In recent times, we have seen an increasing number of cases where the permitted use under a lease is inconsistent with the use approved under a development approval. The situation can create significant risk for landlords.
Often, a development approval will permit the use of retail premises for the purposes of “Showroom”. However, the permitted use under a lease will often fall within the definition of “Shop”, which is usually a different defined use in the planning scheme and one which is assessable development for which there is no approval.
As an example, under the current version of the Brisbane City Plan 2014 (City Plan), “Showroom” is defined to mean:
“…the use of premises for the sale of goods that are of -
- a related product line
- a size, shape or weight that requires
- a large area for handling, display or storage
- direct vehicle access to the building that contains the goods by members of the public, to enable the loading and unloading of the goods.”

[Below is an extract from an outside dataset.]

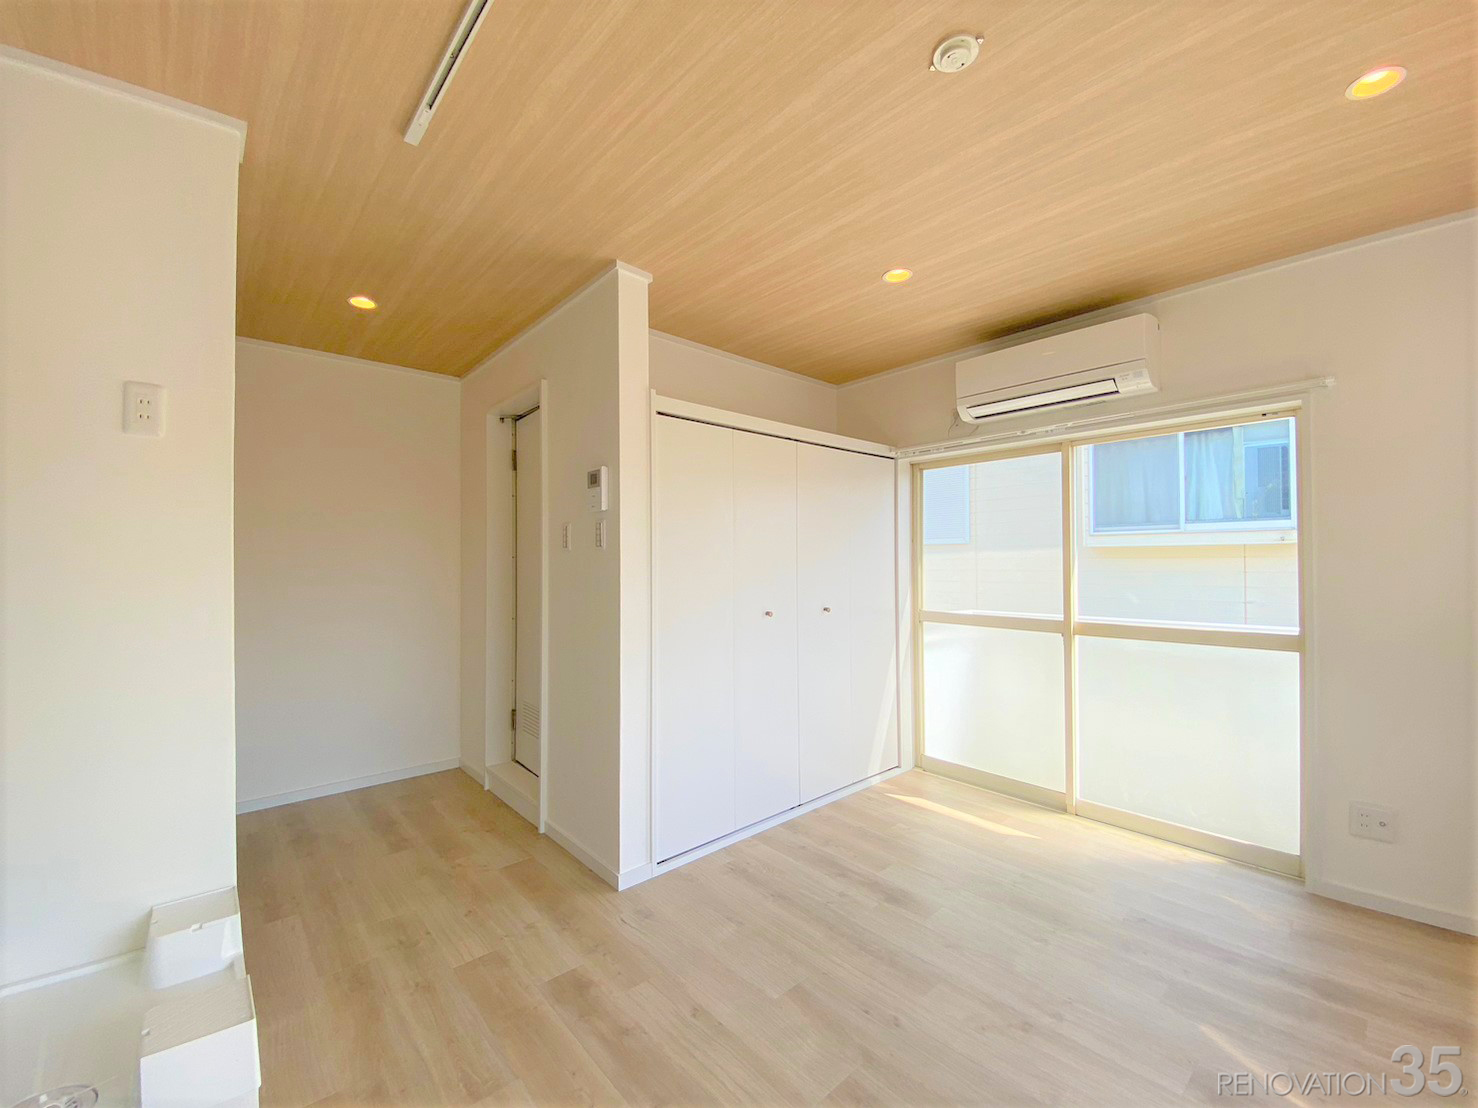 ブルー×ライトな木目で爽やかなお部屋、1Rの空室対策リノベーション神奈川県横浜市、AFTER3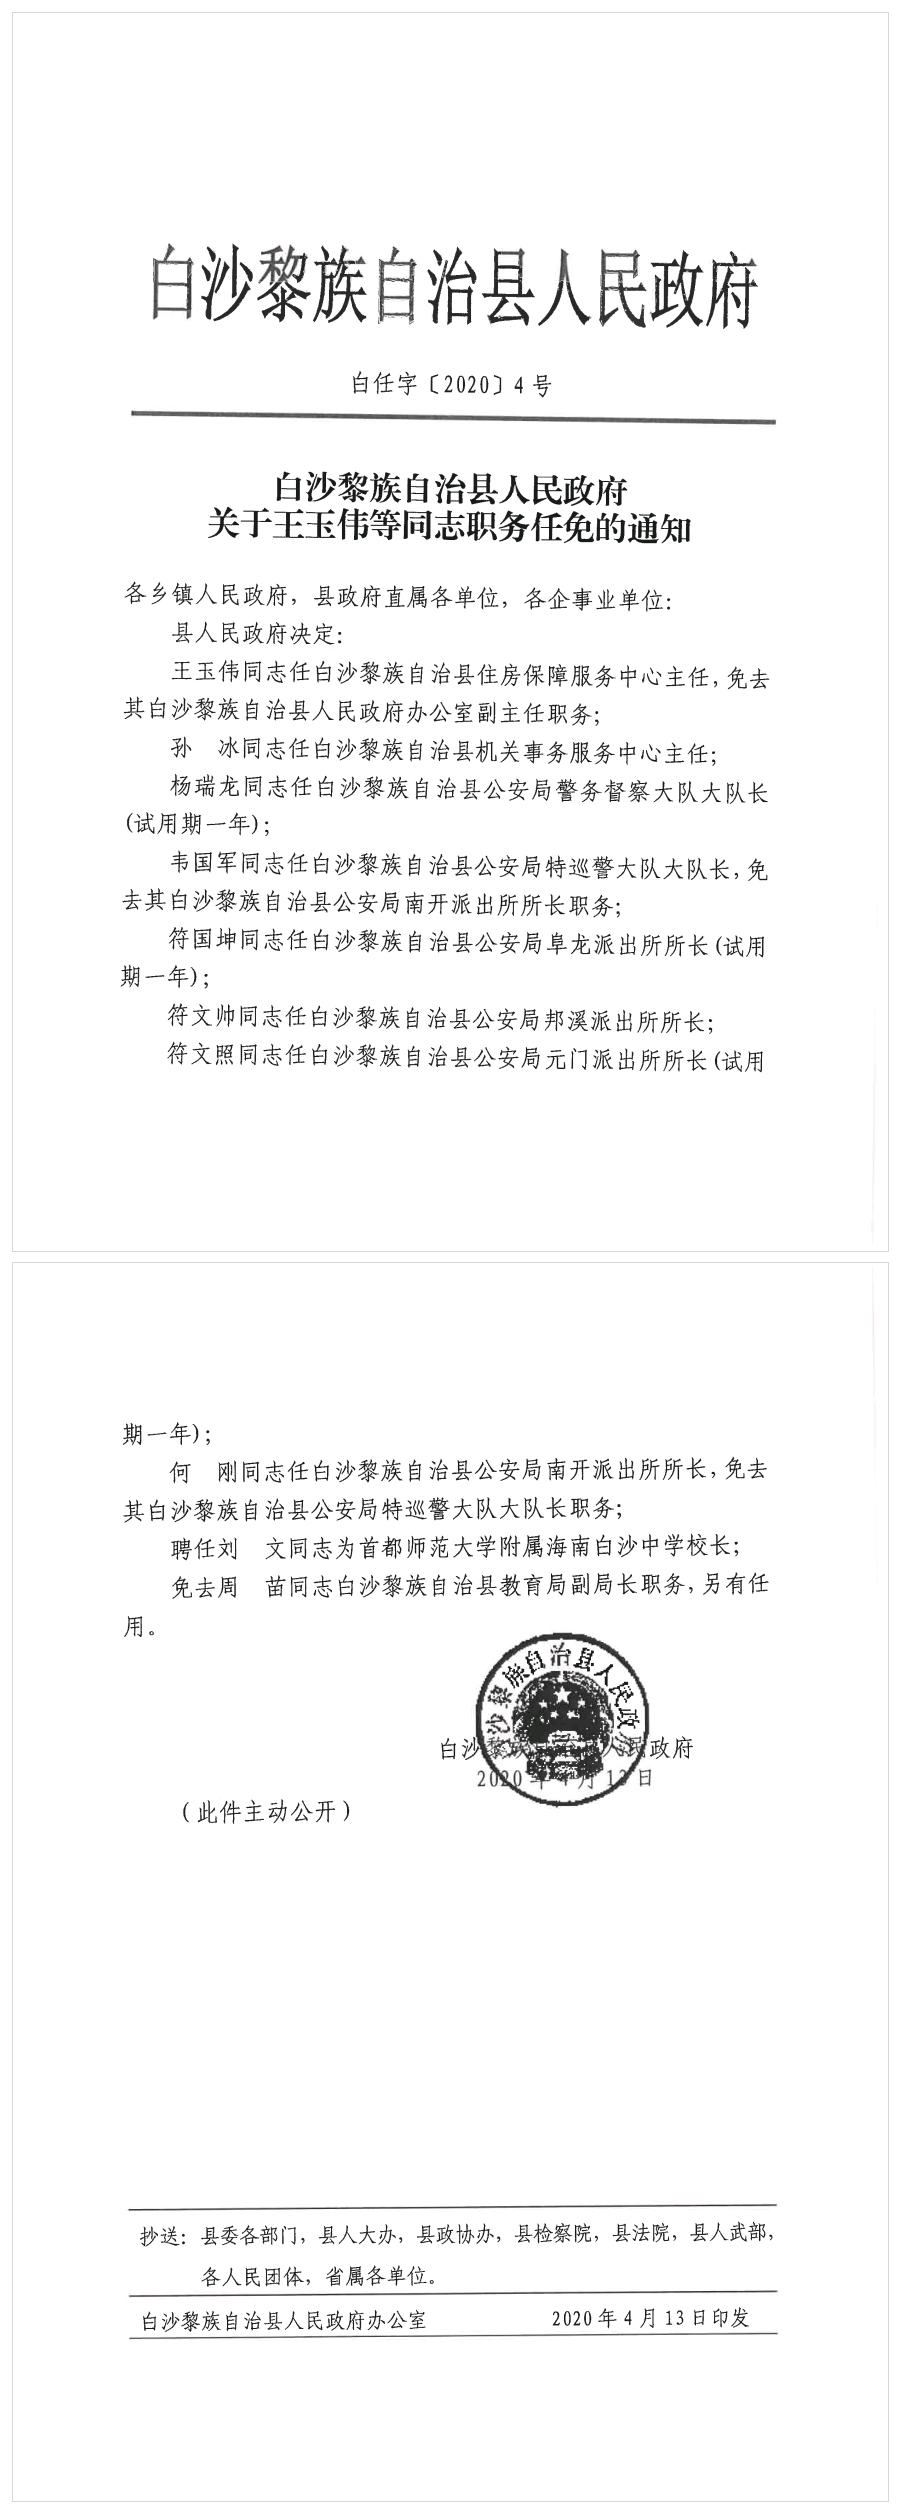 白沙黎族自治县人民政府关于王玉伟等同志职务任免的通知.png

Examples include bulky good sales, motor vehicle sales showroom and bulk stationery supplies. The uses Food and drink outlet, Shop, and Outdoor sales, which are separately defined in the City Plan, are expressly excluded from the definition.
“Shop” is defined to mean:
“…the use of premises for –
- displaying, selling or hiring goods; or
- providing personal services or betting to the public.”
Examples include hairdresser, liquor store, discount department store, discount variety store, betting agencies, supermarket and corner store. The uses Adult store, Food and drink outlet, Showroom and Market, which are separately defined in the City Plan, are expressly excluded from the definition.
This means that retail shop uses other than bulky goods shops (commonly furniture stores and electrical appliance stores) will not be covered by a development approval authorising Showroom uses on the premises. Uses such as liquor warehouses, medical centres, chemists and small charity stores do not fall within the definition of “Showroom”.
There may be significant risks for landlords who enter into leases for uses that are assessable development for which no approval exists. The risks include:
- being prosecuted for a development offence. Under the Planning Act 2016 (Qld), it is an offence to carry out assessable development, unless all necessary development permits are in effect for the development. The offence provisions cover both owners (regardless of whether they have carried out the use) and occupiers of premises. The maximum penalty is $587,475 for an individual or $2,937,375 for a company
- insurance policies over the premises being invalid on the basis the landlord has not complied with the applicable laws and regulations applying to the premises.
It is important to always consider whether the permitted use under a lease is one for which a development approval is required. Even though a landlord may give no warranty as to whether a permitted use is a lawful use, a landlord may still be adversely affected if the tenant is required to pay turnover rent and the tenant is required to cease an unlawful use as a result of enforcement action.
Recently, the New South Wales State Government replaced the use definition “bulky goods premises” with a new definition, “specialised retail premises”, to reflect changing business models in the large format retail industry. Under the new definition, it is no longer a requirement that the goods be of such a size or weight to require both a large area for handling, display or storage and that there be direct vehicular access to loading facilities for members of the public. Only one of these requirements needs to be met. So, watch this space to see whether Queensland local governments make a similar change to their planning schemes.
If you are unsure about whether a permitted use under a lease has the necessary development approval, we recommend you seek planning advice before entering into the lease.